A template parameter T can be deduced as a reference type only if it appears in a function parameter of the form T&&
A function template of the form:
template<class T> void f(T x) will deduce T as an object type (and x is an object type so is passed by value)
template<class T> void f(T& x) will deduce T as an object type (and then x has lvalue reference type)
template<class T> void f(T&& x) will deduce T as
either an lvalue reference (so x has lvalue reference type due to reference collapsing rules)
or as an object type (so x has rvalue reference type)
How come in the perfect forwarding function, T turns into a T& or T&&, [...]
This is wrong. T becomes a reference type L& or an object type R, not a reference R&&.
The function parameter of the form T&& thus becomes
either L& (because adding an rvalue reference to an lvalue reference is still an lvalue reference, just like add_rvalue_reference<L&>::type is still L&)
or it becomes R&& (because add_rvalue_reference<R>::type is R&&)
This is because of the way type deduction is defined, and it is only related to perfect forwarding in the sense that the result of std::forward<>() is an rvalue if an rvalue reference is passed, and an lvalue if an lvalue reference is passed.

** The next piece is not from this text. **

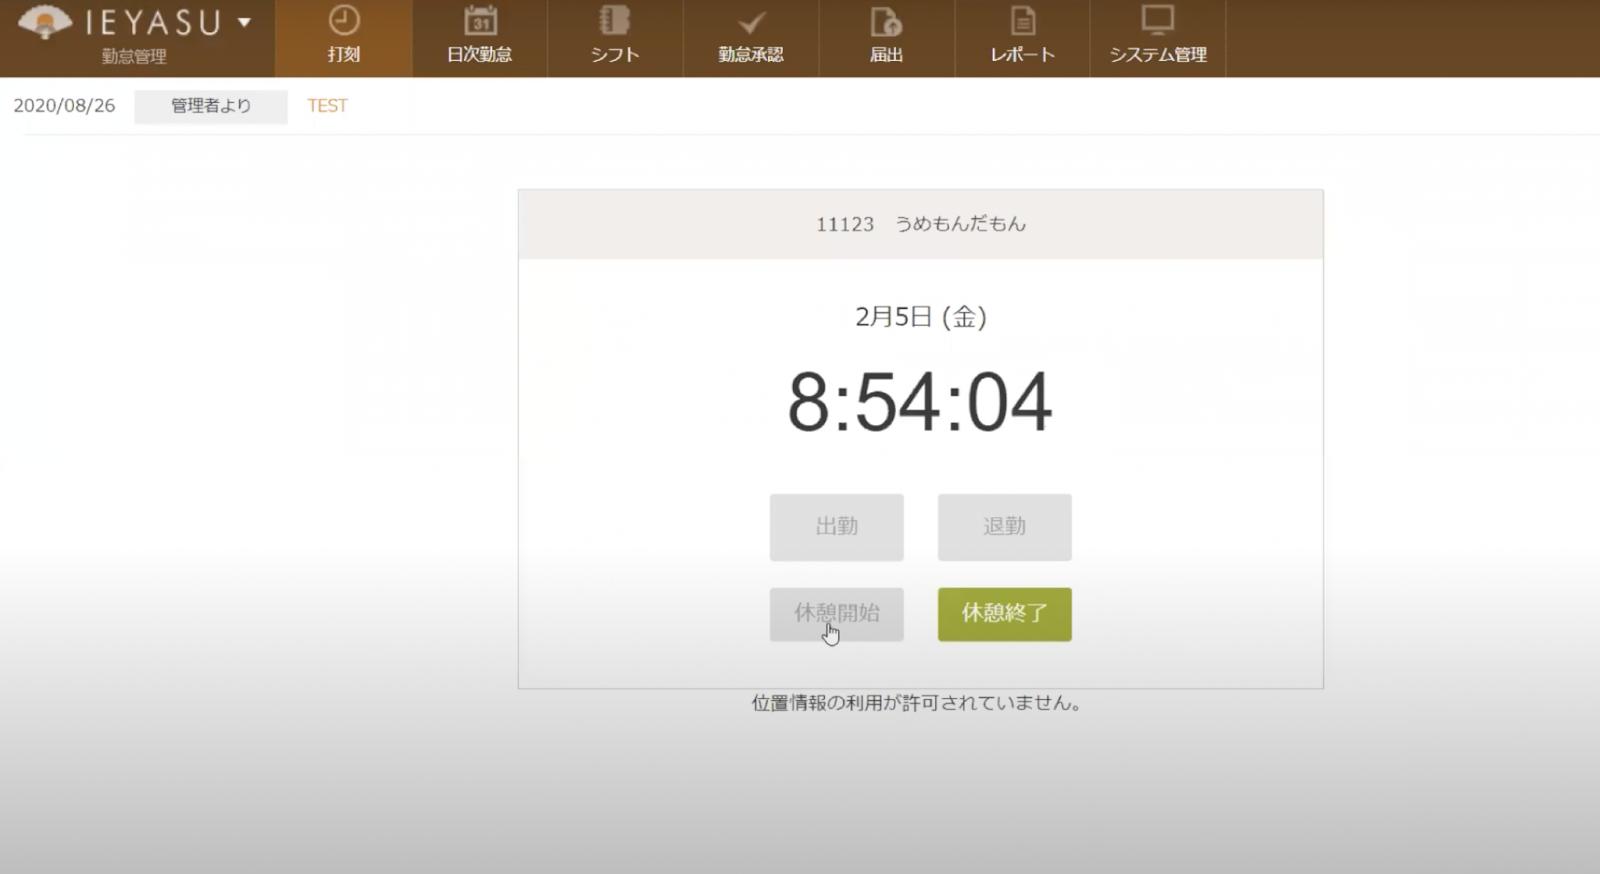 IEYASU打刻画面3

But in general, when you do not have a reference to begin with, your T is not going to be deduced as a reference type (i.e. as A&, whatever A could be). If that was the case, as Yakk correctly points out in the comments, it would be impossible to write a function template that takes its arguments by value.

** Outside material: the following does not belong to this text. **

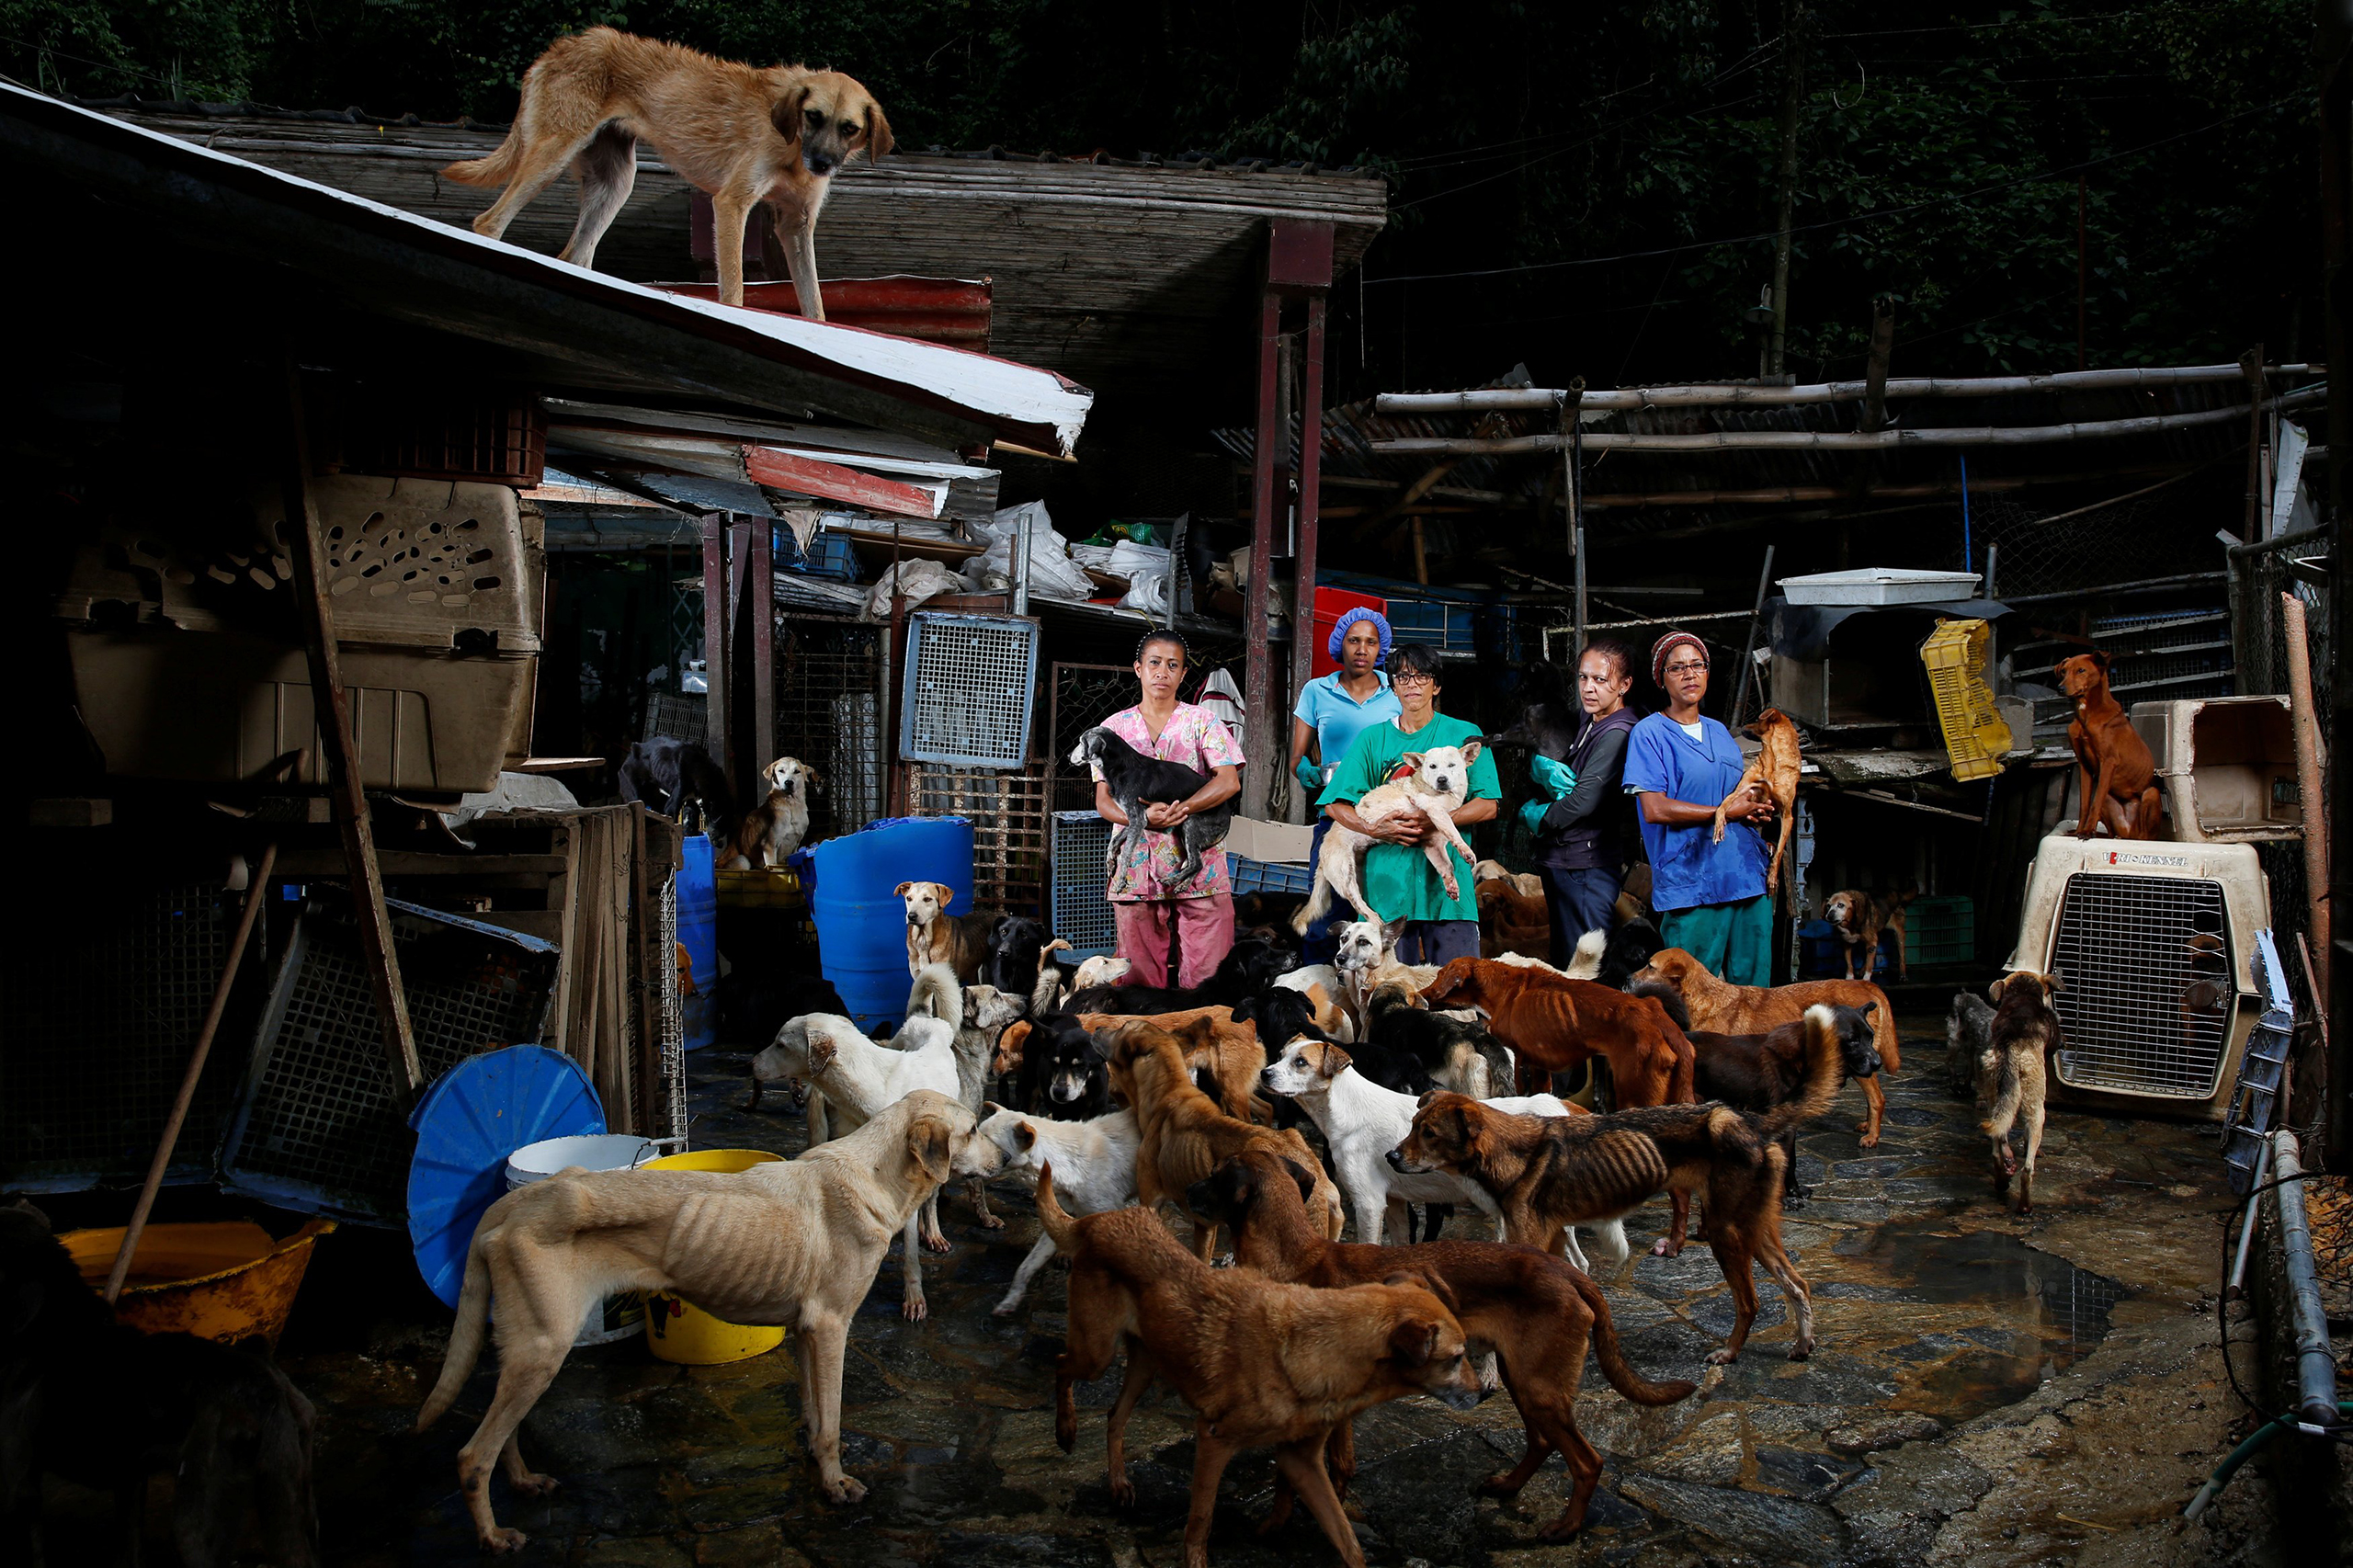 Maria Silva, Milena Cortes, Maria Arteaga, Jackeline Bastidas and Gissy Abello pose for a picture at the Famproa dogs shelter where they work, in Los Teques, Venezuela, Aug. 25, 2016.

In particular, the reference collapsing rule you are referring to is defined in Paragraph 14.8.2.1/4 of the C++11 Standard:
If P is a
reference type, the type referred to by P is used for type deduction. If P is an rvalue reference to a cv-unqualified
template parameter and the argument is an lvalue, the type “lvalue reference to A” is used in
place of A for type deduction. [ Example:
template <class T> int f(T&&);
template <class T> int g(const T&&);
int i;
int n1 = f(i); // calls f<int&>(int&)
int n2 = f(0); // calls f<int>(int&&)
int n3 = g(i); // error: would call g<int>(const int&&), which
// would bind an rvalue reference to an lvalue
—end example ]
There are three general cases to consider when deducing template parameters like this.
void foo(T x): this means "pass-by-value". It always deduces a type as appropriate to pass by value.
void foo(T& x): this means "pass-by-lvalue-reference". It always deduces a type as appropriate to pass by lvalue reference.
void foo(T&& x): this means "pass-by-reference". It always deduces a type as appropriate to pass by reference, which may be an lvalue reference or an rvalue reference.
Relax, slow down, and breathe.
Template argument deduction is the central mechanism that you need to understand, and it's not totally trivial. When you say template <typename T> void foo(T), then T is always deduced as a non-reference type.
If you want a reference, you have to put a & on it: template <typename T> void foo(T&) will also deduce T as a non-reference-type, but foo now always expects an lvalue reference.
The final piece of magic comes from the new reference collapsing rules. When you say template <typename T> void foo(T&&), then two things can happen:
You call foo with an rvalue, e.g. foo(Bar()). Then T is deduced as Bar, and foo takes an rvalue reference to Bar, i.e. a Bar&&.
You call foo with an lvalue, e.g. Bar x; foo(x);. Now the only thing foo can take is an lvalue reference. This requires T to be deduced as Bar&, since T&& == Bar& && == Bar&, due to the collapsing rules.
Only this final template is able to accept both lvalues and rvalues. This is why it is sometimes called "universal reference"; but remember that it's not the reference that matters, but the template argument deduction. Using std::forward<T> allows you to pass on the argument with the same value category that you received.